## YOUR GOAL
With the pictures left out, write out exactly the lines of the listing below that run from the line with "West a piedi, Yate" through the line with "PANTONE 12-0704 TCX".

## WORKING DATA
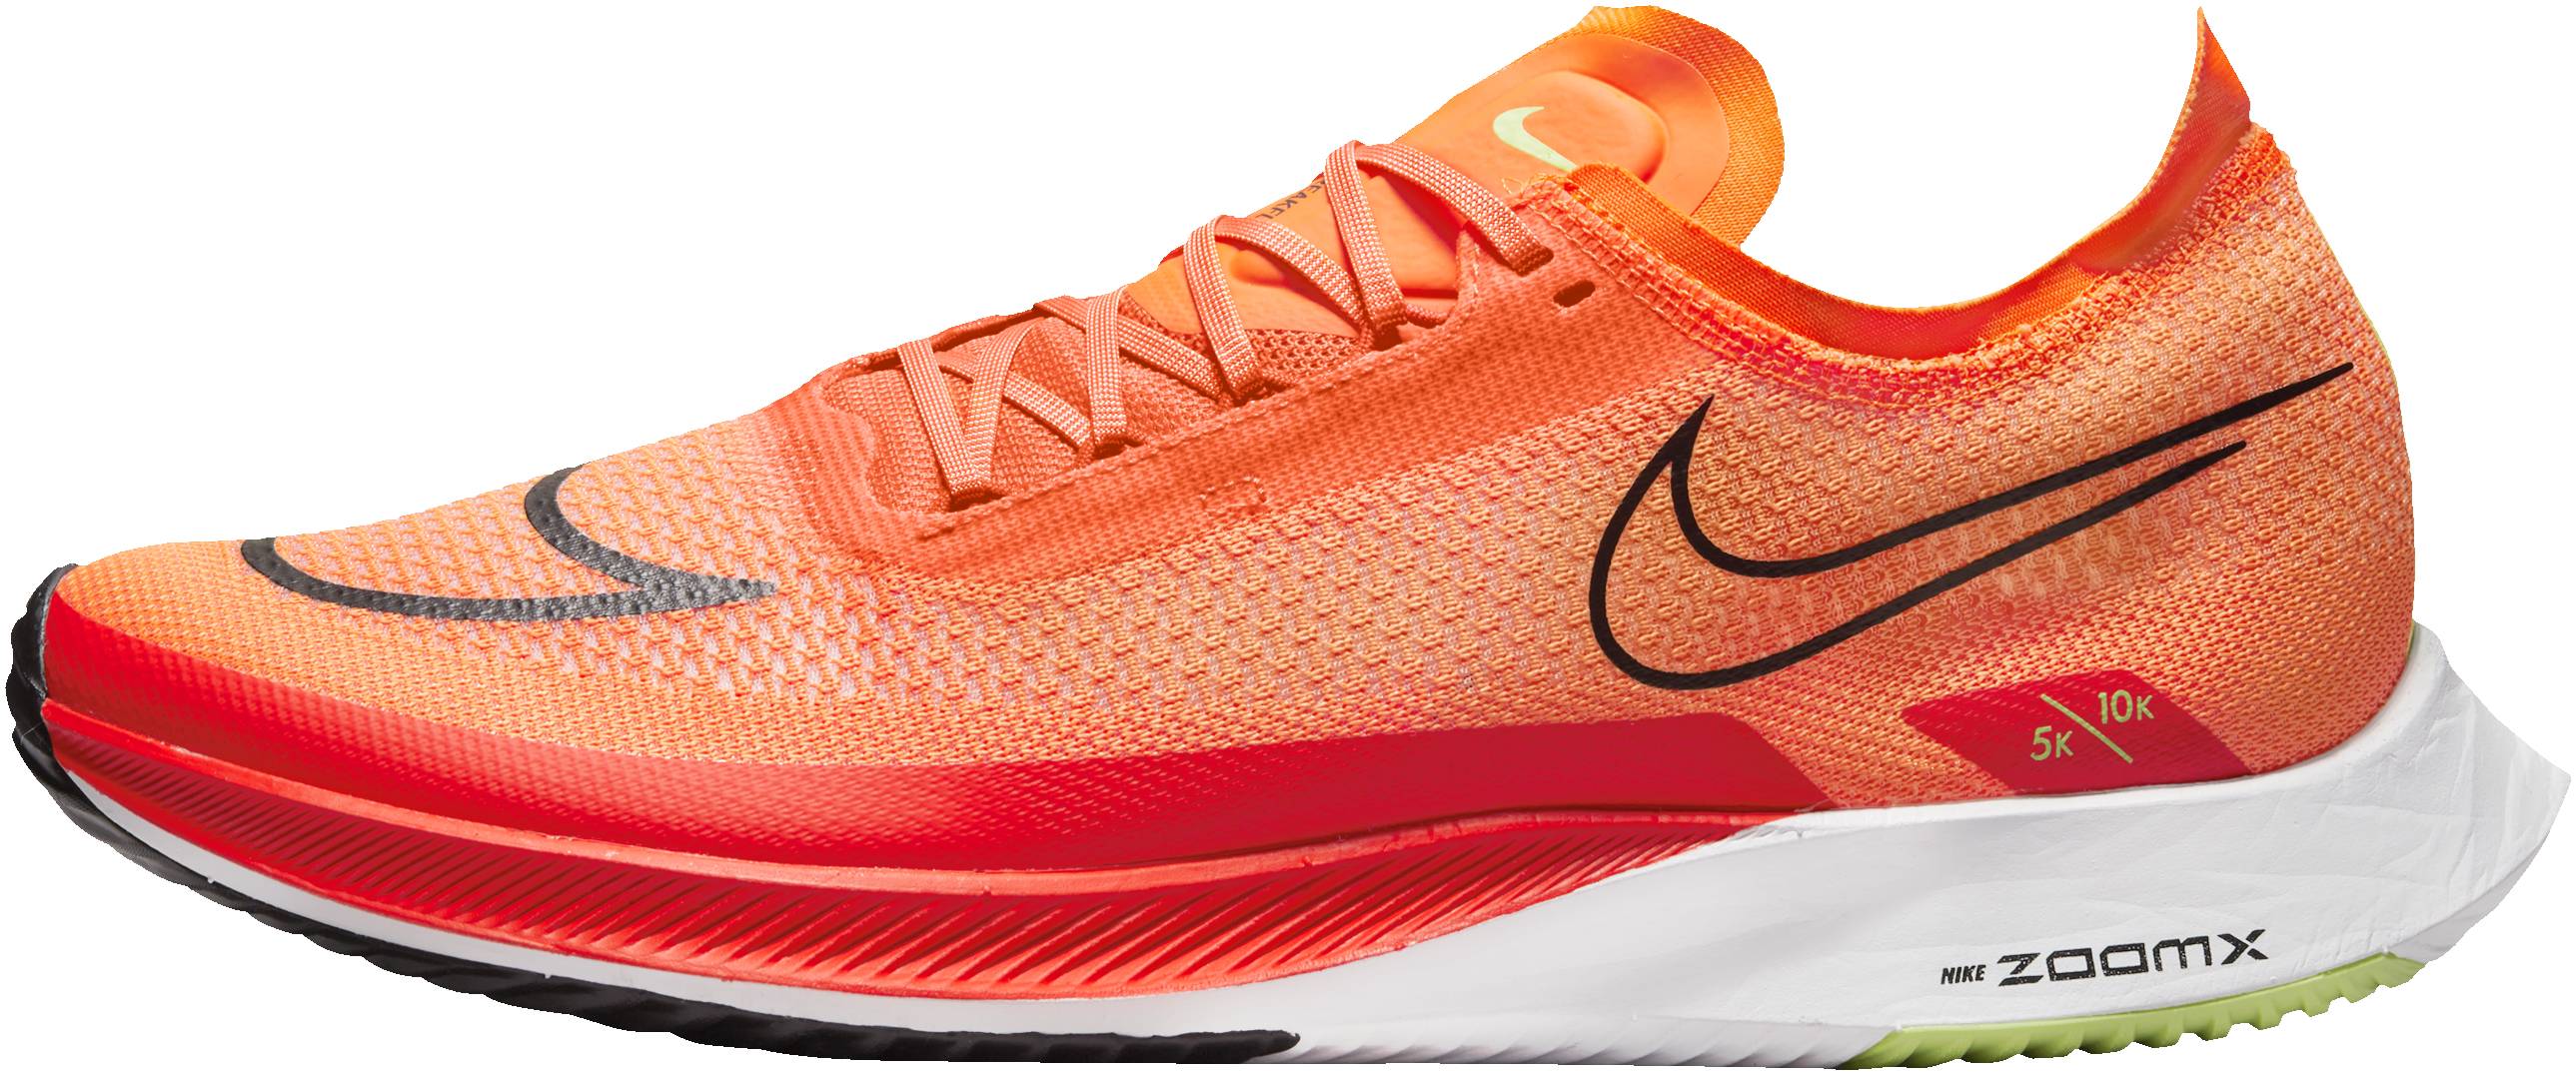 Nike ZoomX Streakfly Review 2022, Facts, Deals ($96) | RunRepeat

* * *

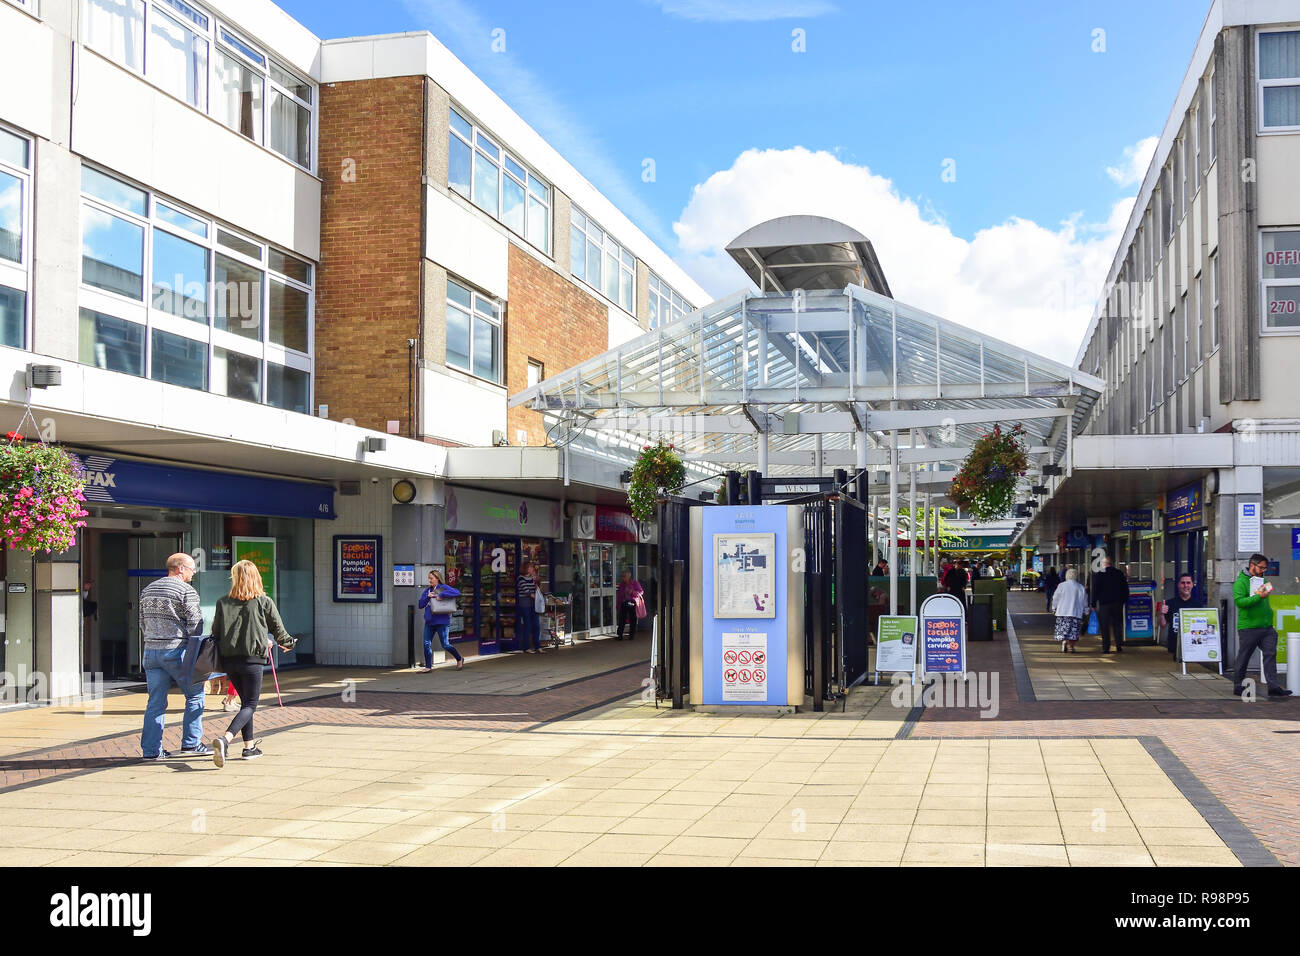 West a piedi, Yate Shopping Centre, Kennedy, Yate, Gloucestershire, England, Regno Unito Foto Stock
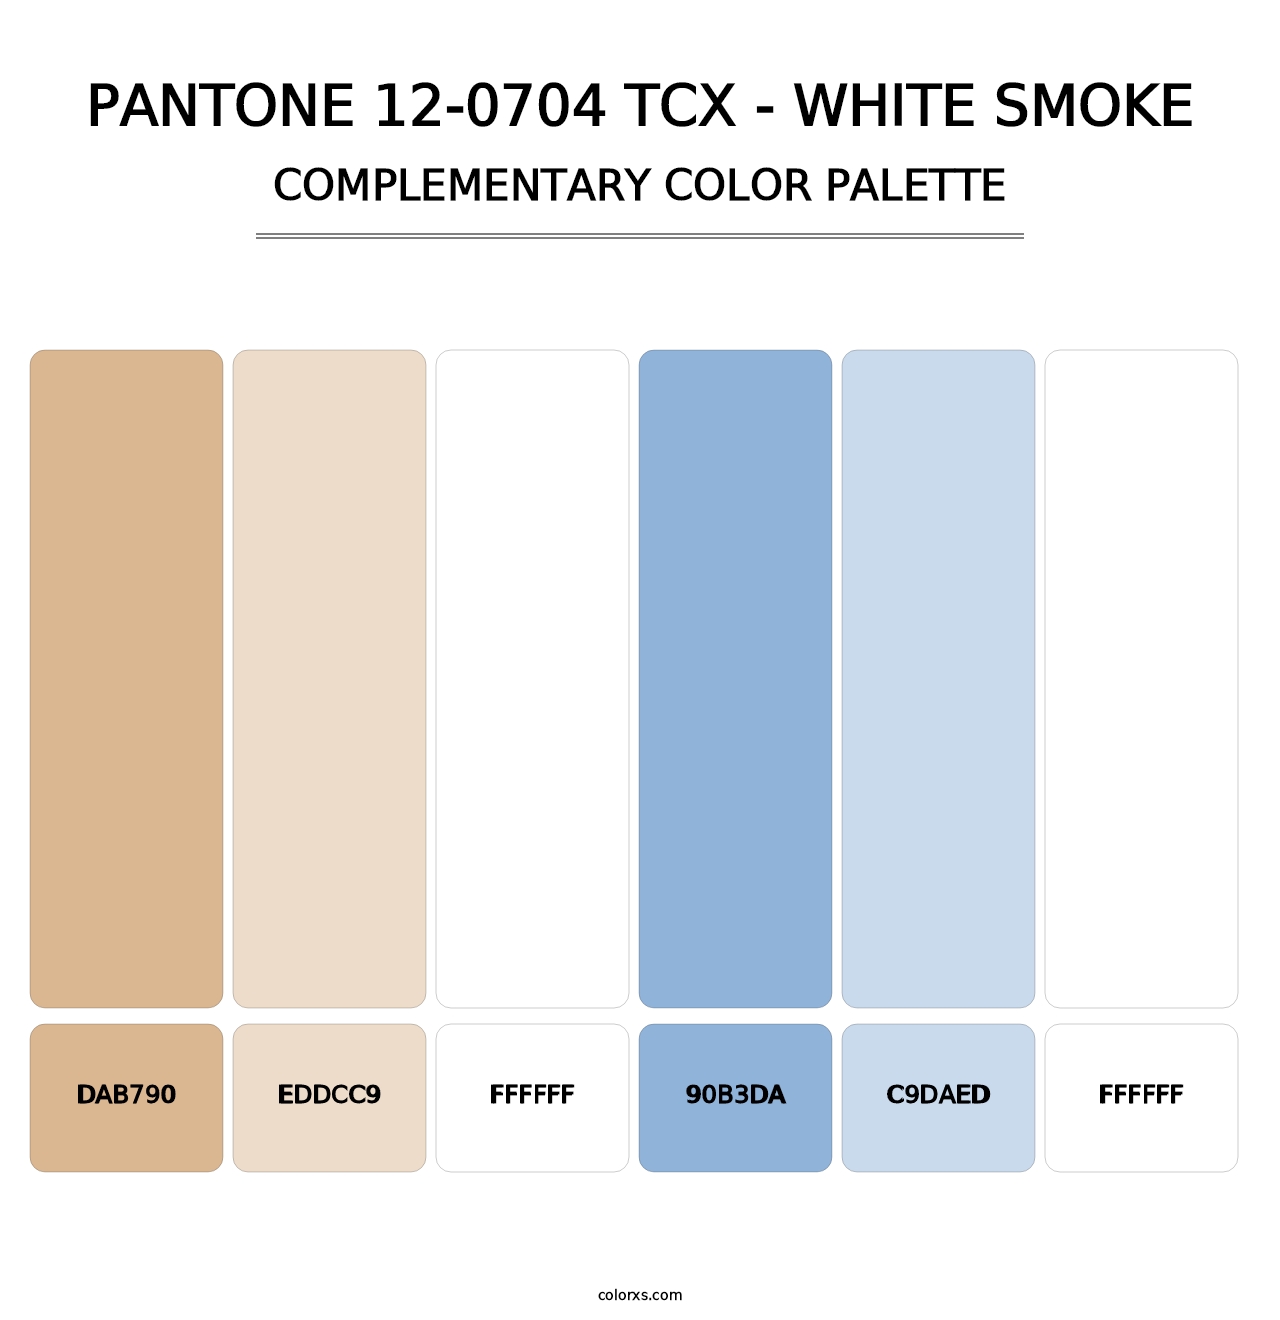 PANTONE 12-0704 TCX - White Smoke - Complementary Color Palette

--

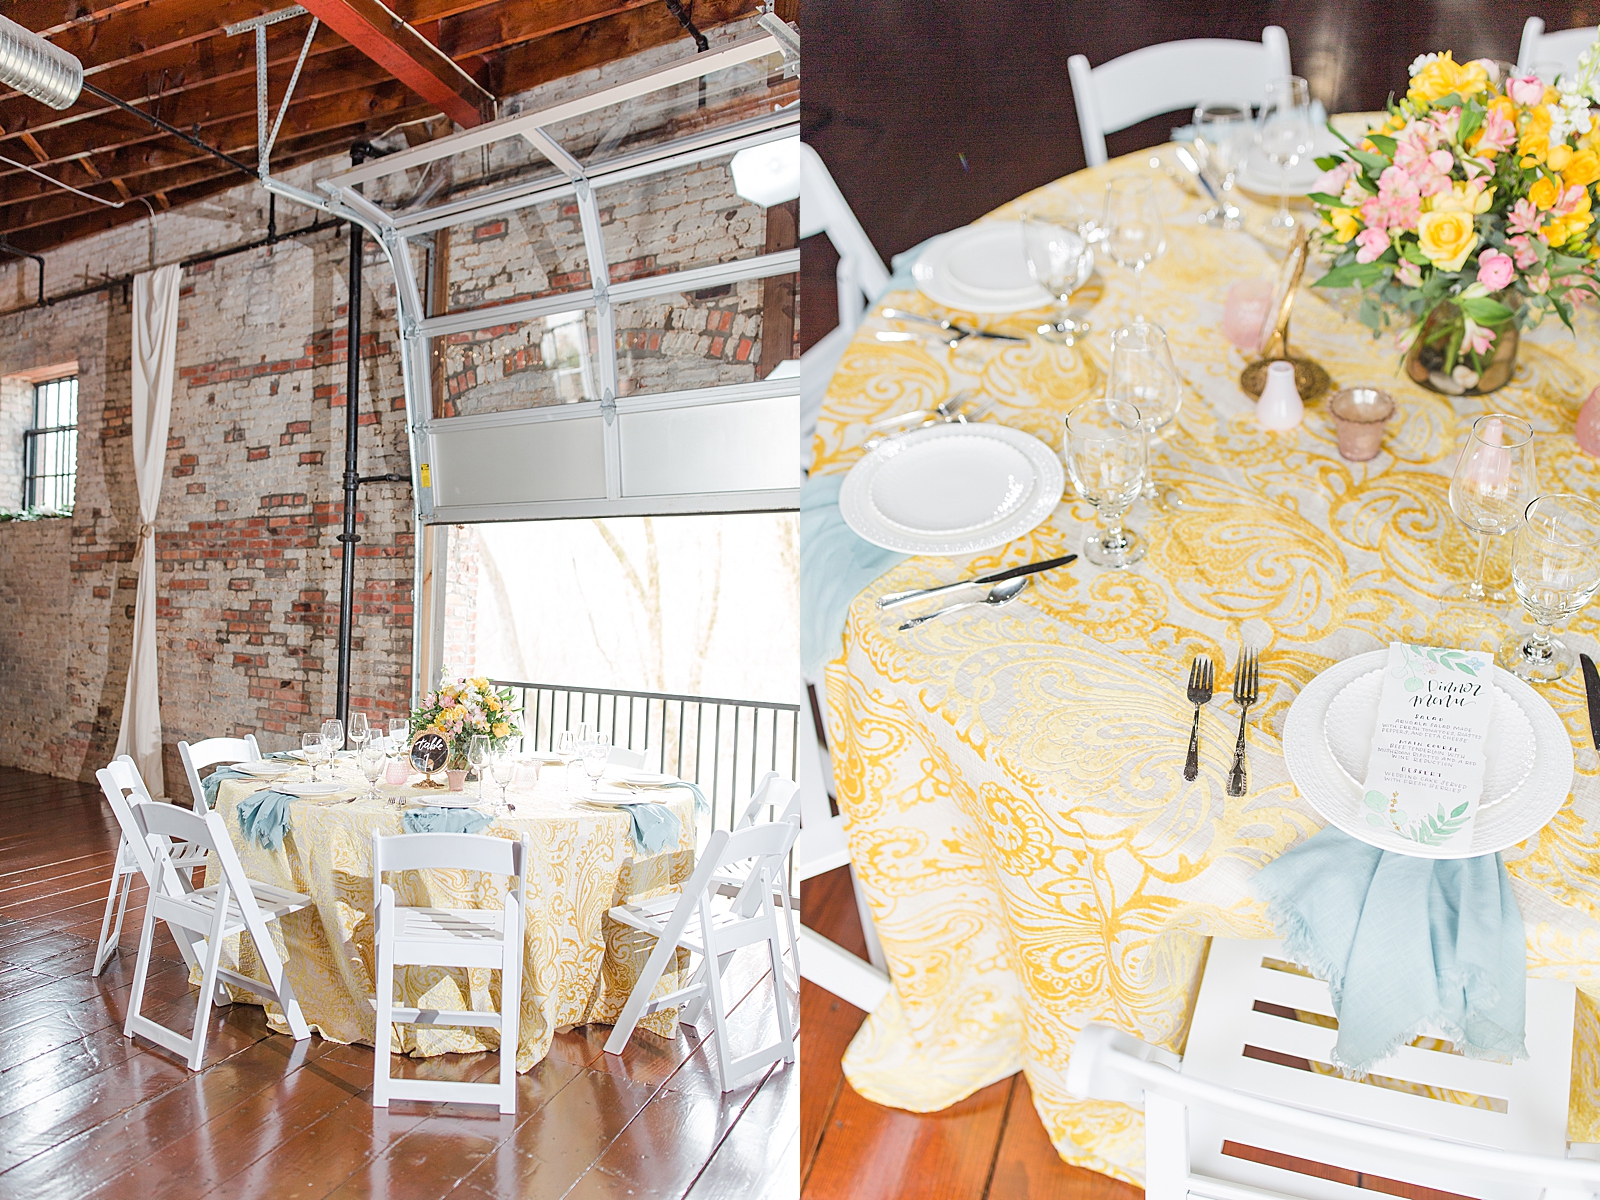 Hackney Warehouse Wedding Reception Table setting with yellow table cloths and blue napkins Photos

## EXERCISE RESULT
 West a piedi, Yate Shopping Centre, Kennedy, Yate, Gloucestershire, England, Regno Unito Foto Stock
 PANTONE 12-0704 TCX - White Smoke - Complementary Color Palette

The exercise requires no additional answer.